Comment 6 Michael Tuexen freebsd_committer freebsd_triage 2022-07-12 17:27:38 UTC
(In reply to Gleb Smirnoff from comment #4)
Enjoy your vacation and thanks for working on a patch.
Comment 7 commit-hook freebsd_committer freebsd_triage 2022-08-10 14:32:57 UTC
A commit in branch main references this bug:

URL: https://cgit.FreeBSD.org/src/commit/?id=d88eb4654f372d0451139a1dbf525a8f2cad1cf8

commit d88eb4654f372d0451139a1dbf525a8f2cad1cf8
Author:     Gleb Smirnoff <glebius@FreeBSD.org>
AuthorDate: 2022-08-10 14:32:37 +0000
Commit:     Gleb Smirnoff <glebius@FreeBSD.org>
CommitDate: 2022-08-10 14:32:37 +0000

    tcp: address a wire level race with 2 ACKs at the end of TCP handshake

    Imagine we are in SYN-RCVD state and two ACKs arrive at the same time,
    both valid, e.g. coming from the same host and with valid sequence.

    First packet would locate the listening socket in the inpcb database,
    write-lock it and start expanding the syncache entry into a socket.
    Meanwhile second packet would wait on the write lock of the listening
    socket.  First packet will create a new ESTABLISHED socket, free the
    syncache entry and unlock the listening socket.  Second packet would
    call into syncache_expand(), but this time it will fail as there
    is no syncache entry.  Second packet would generate RST, effectively
    resetting the remote connection.

    It seems to me, that it is impossible to solve this problem with
    just rearranging locks, as the race happens at a wire level.
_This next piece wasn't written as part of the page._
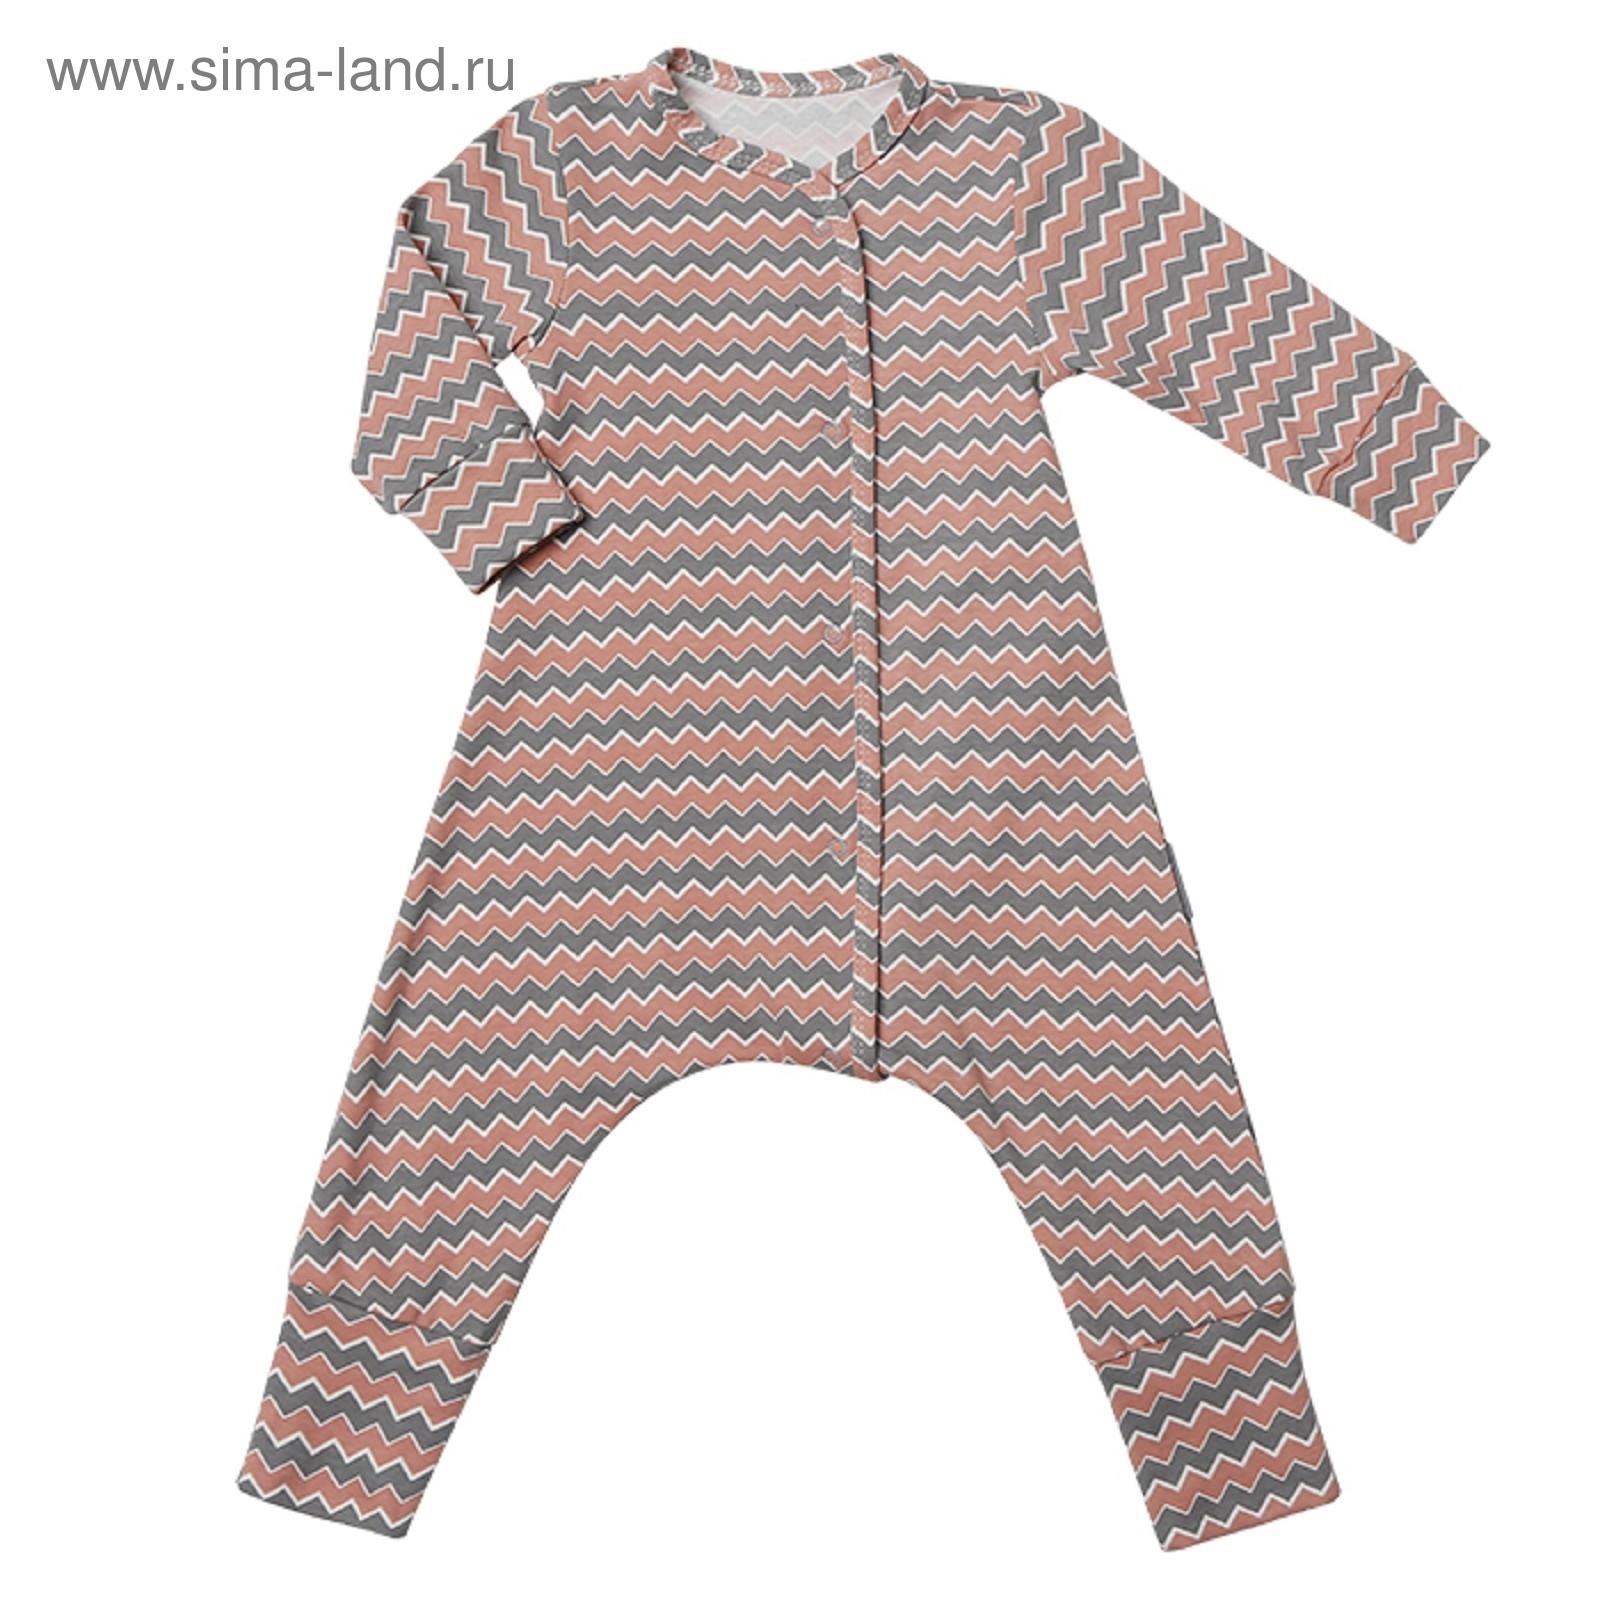 dcf57640cb9 Пижама на кнопках для девочек

    To solve the problem, for an ACK packet arrived on a listening socket,
    that failed syncache lookup, perform a second non-wildcard lookup right
    away.  That lookup may find the new born socket.  Otherwise, we indeed
    send RST.

    Tested by:              kp
    Reviewed by:            tuexen, rrs
    PR:                     265154
    Differential revision:  https://reviews.freebsd.org/D36066

 sys/netinet/tcp_input.c | 45 +++++++++++++++++++++++++++++++--------------
 1 file changed, 31 insertions(+), 14 deletions(-)
Comment 8 Gleb Smirnoff freebsd_committer freebsd_triage 2022-08-10 14:44:49 UTC
Kristof, if you want to merge it to a stable, please re-open the bug and grab ownership & responsibility for that. Thanks a lot for all the testing!
Comment 9 Kristof Provost freebsd_committer freebsd_triage 2022-08-10 15:34:46 UTC
(In reply to Gleb Smirnoff from comment #8)
I'm not immediately interested in that. pfSense isn't (as far as I know) actually affected by this, and we're moving to main anyway.